Supplied data Start Marker

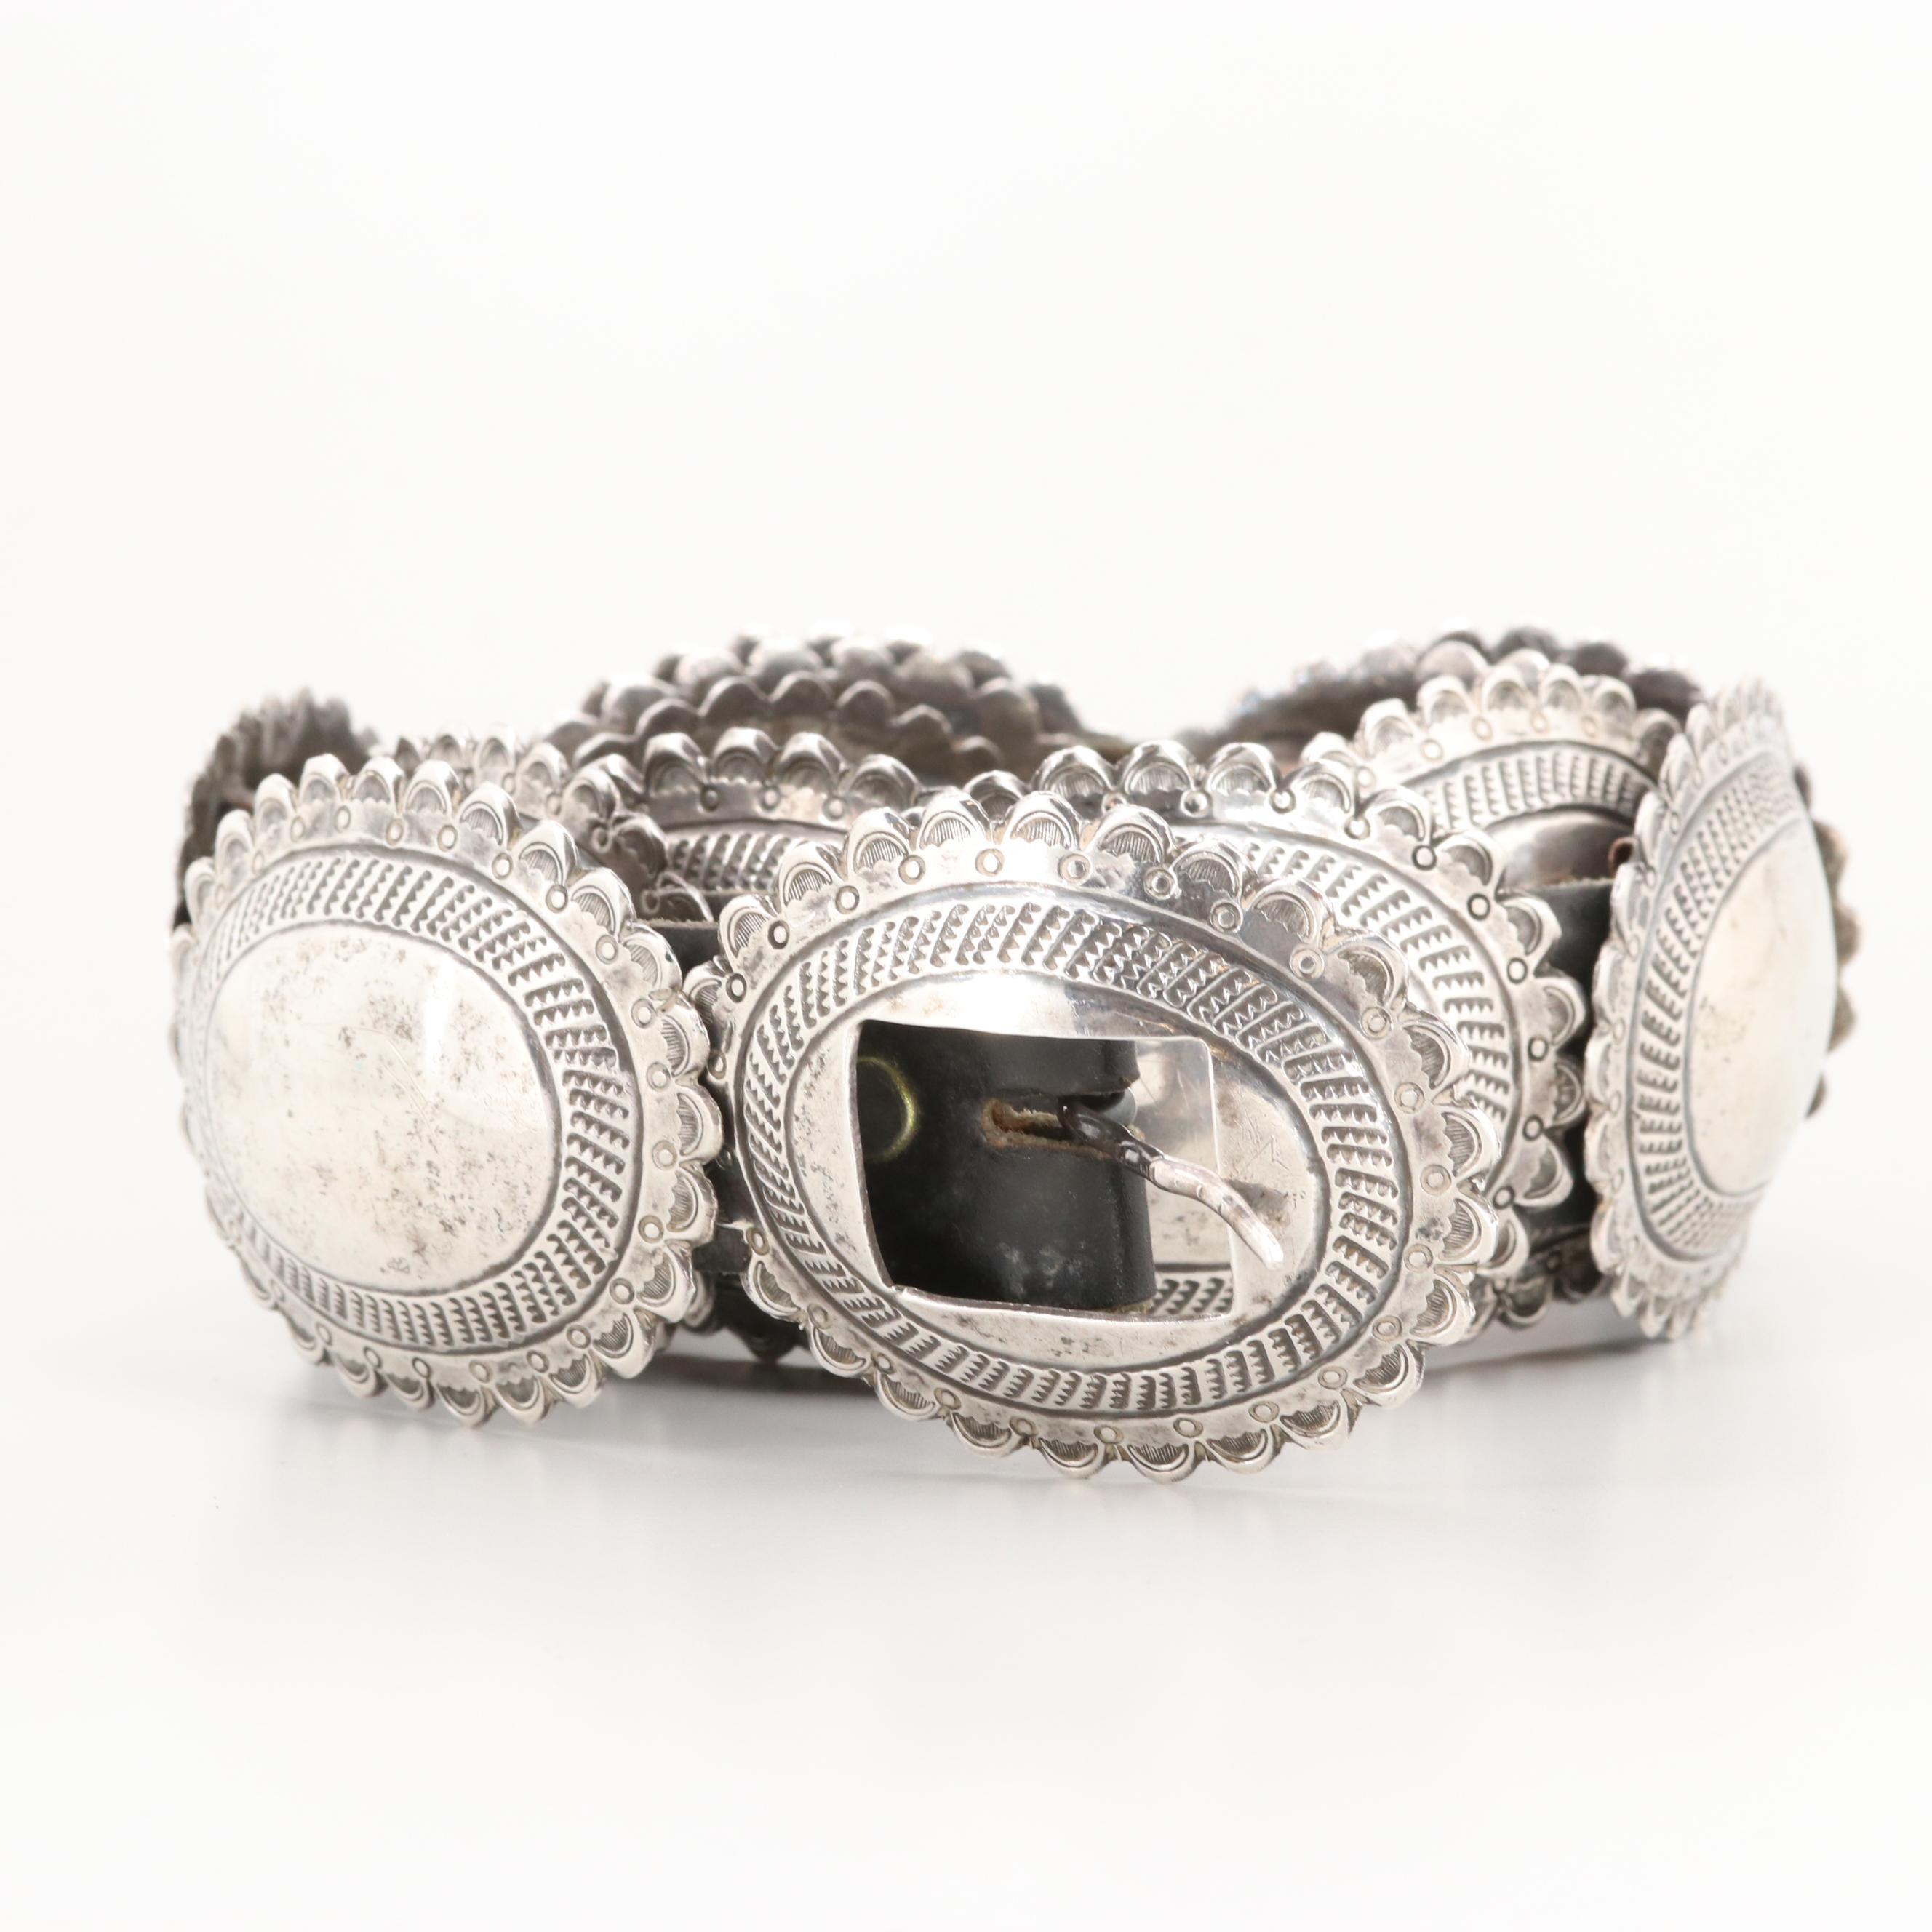 Southwestern Style Sterling Silver Concho Belt
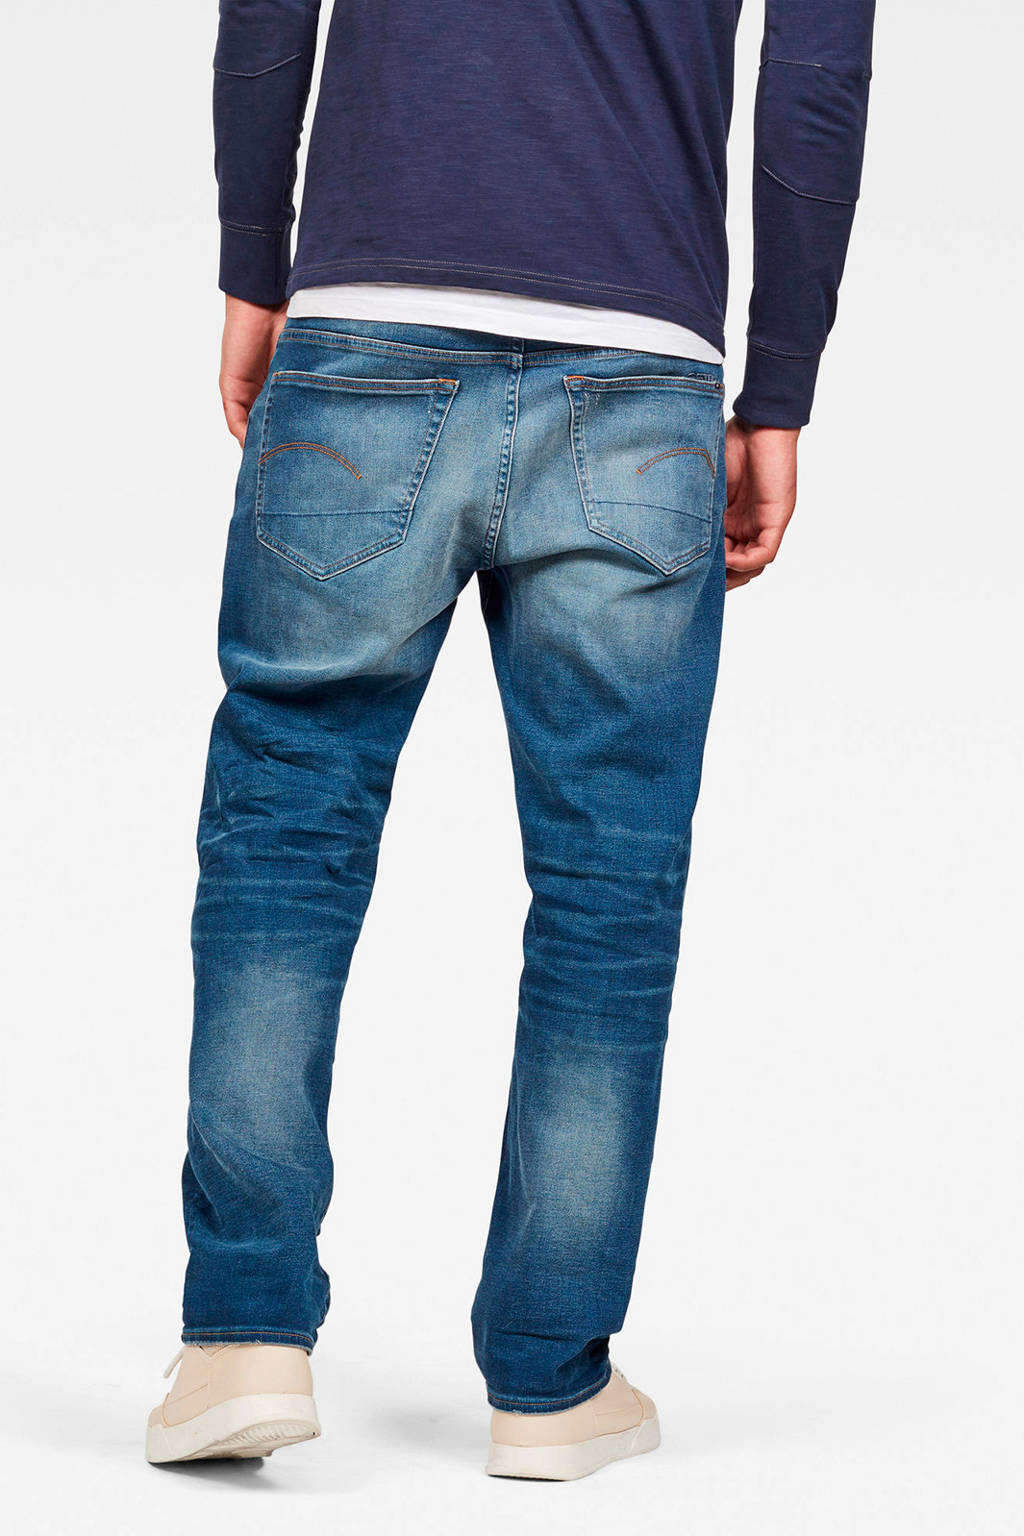 G-Star RAW 3301 regular fit jeans worker blue fade, Worker blue fade
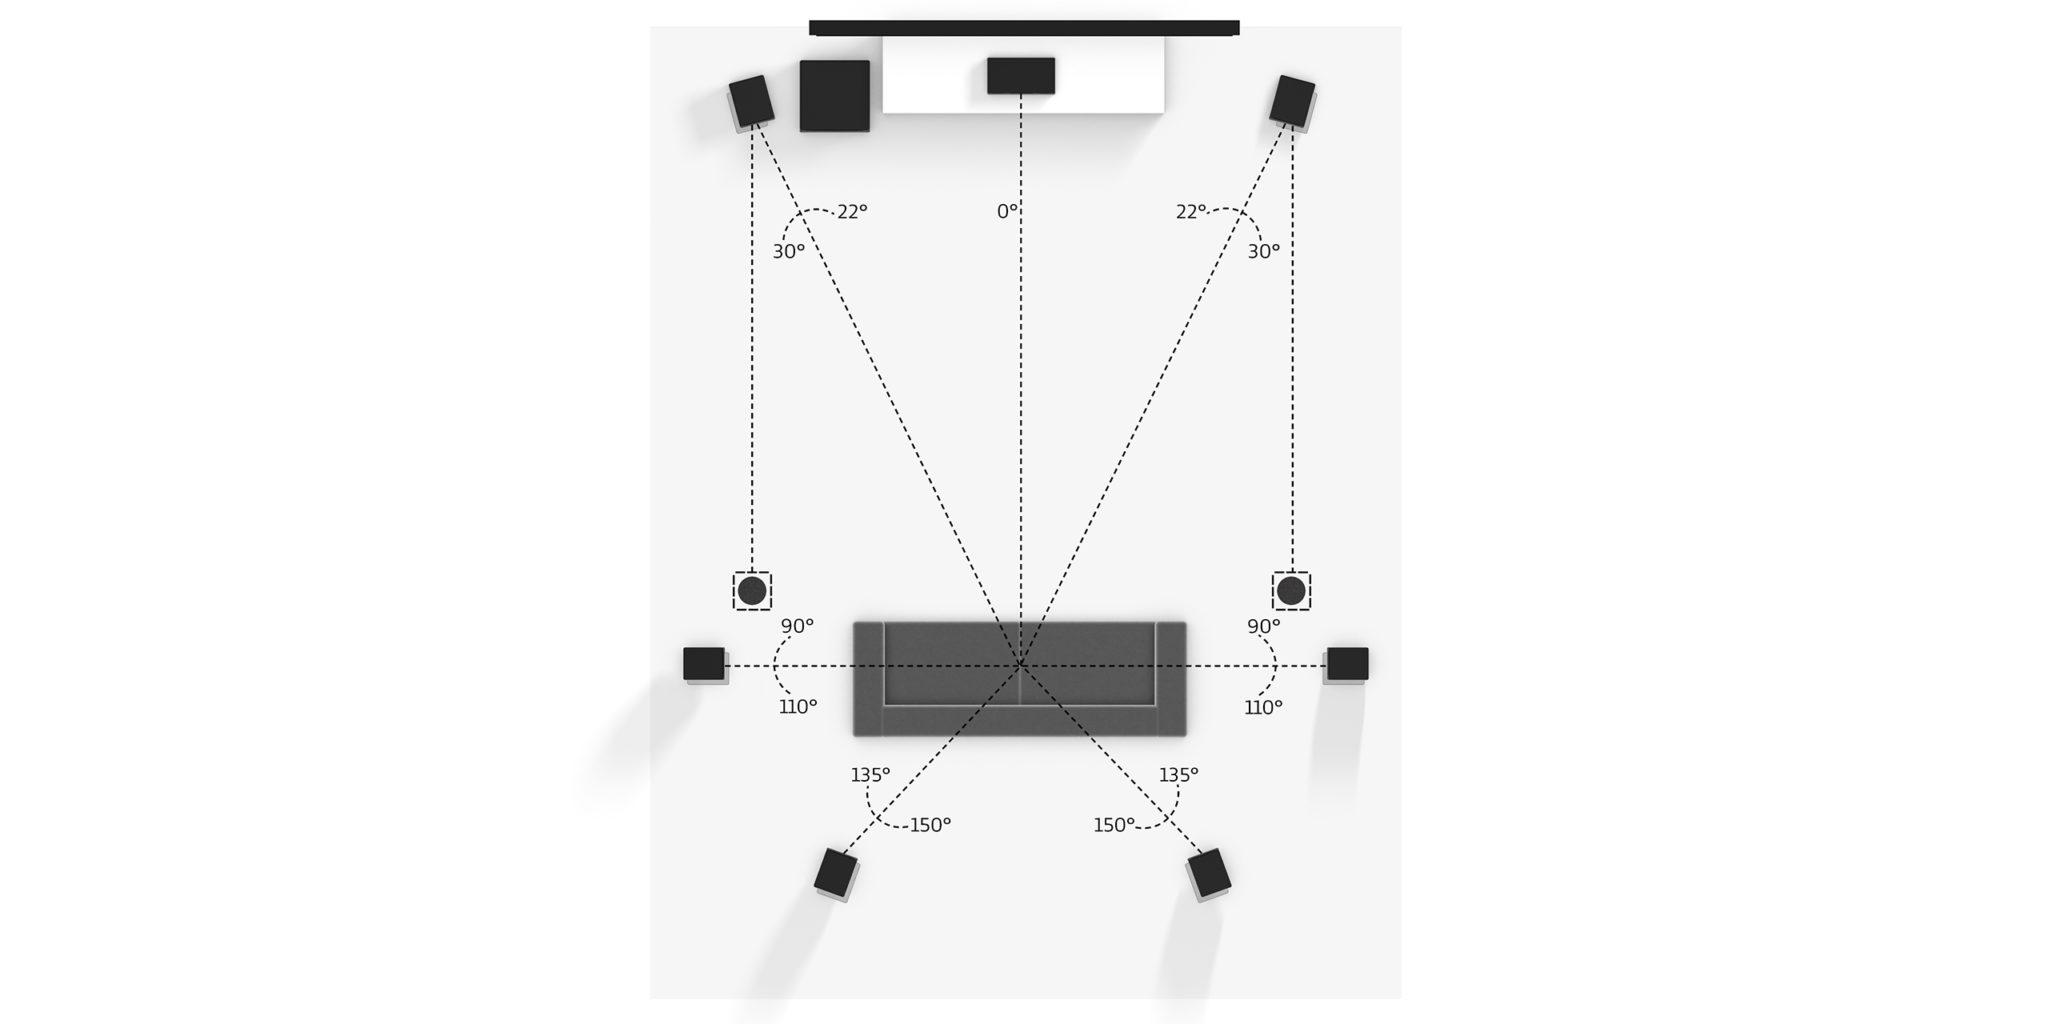 Speaker System For Home Theater
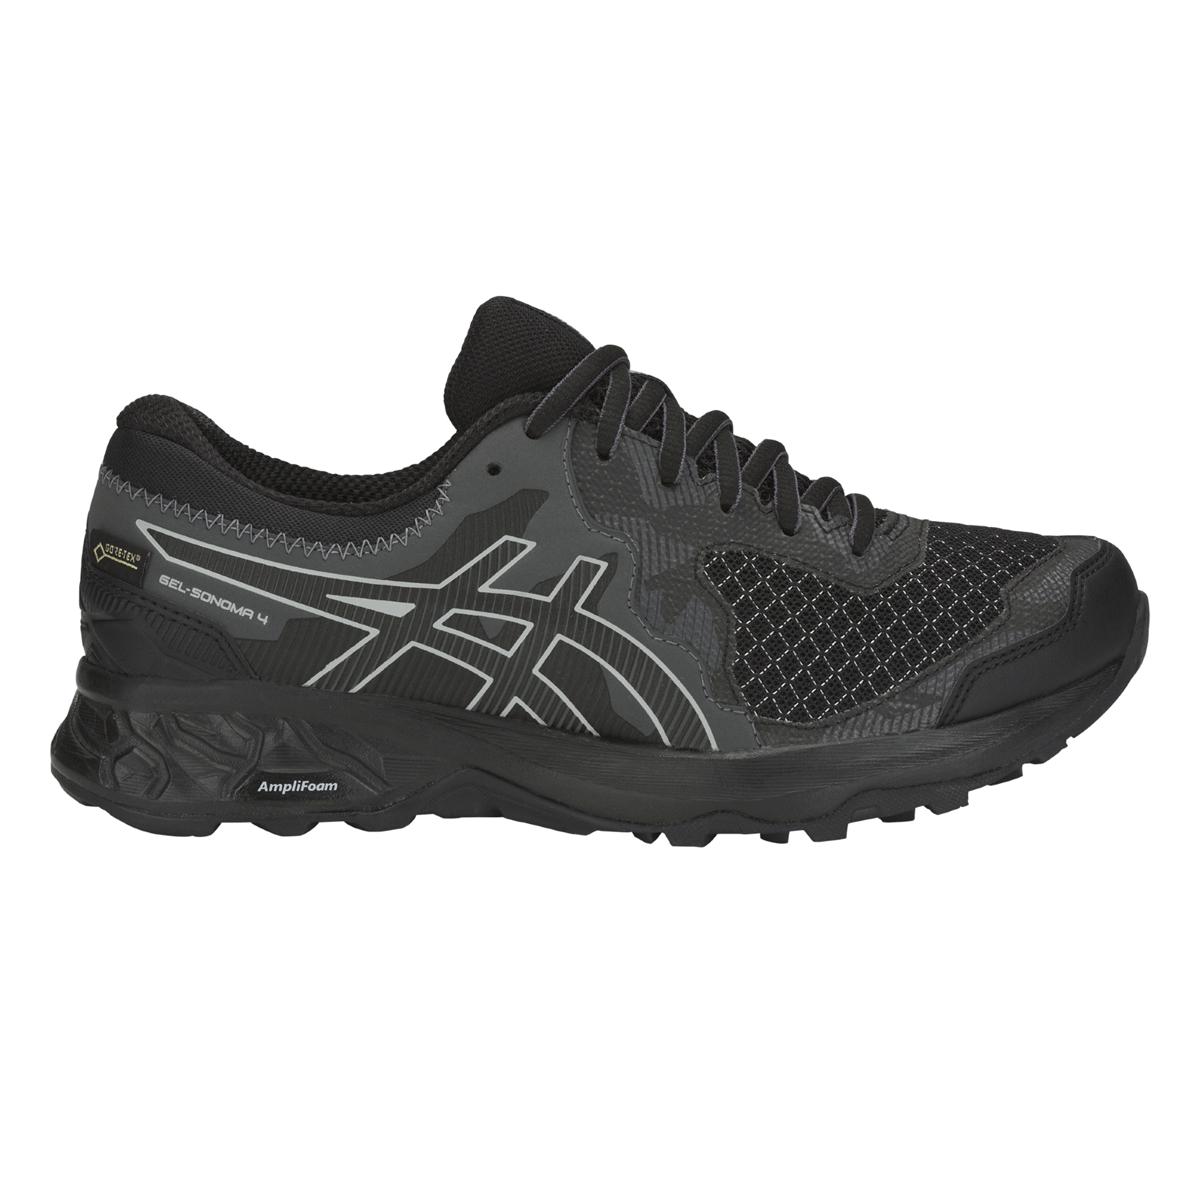 Asics gel Sonoma 4 G-TX-señora zapatillas-Running-negro-gris - 1012a191

Supplied data End Marker

Directions:
From the line that contains "Speaker System For Home Theater" to the final line of the material, write out each line exactly. Pictures stay out.

Problem solution:
 Speaker System For Home Theater
 Asics gel Sonoma 4 G-TX-señora zapatillas-Running-negro-gris - 1012a191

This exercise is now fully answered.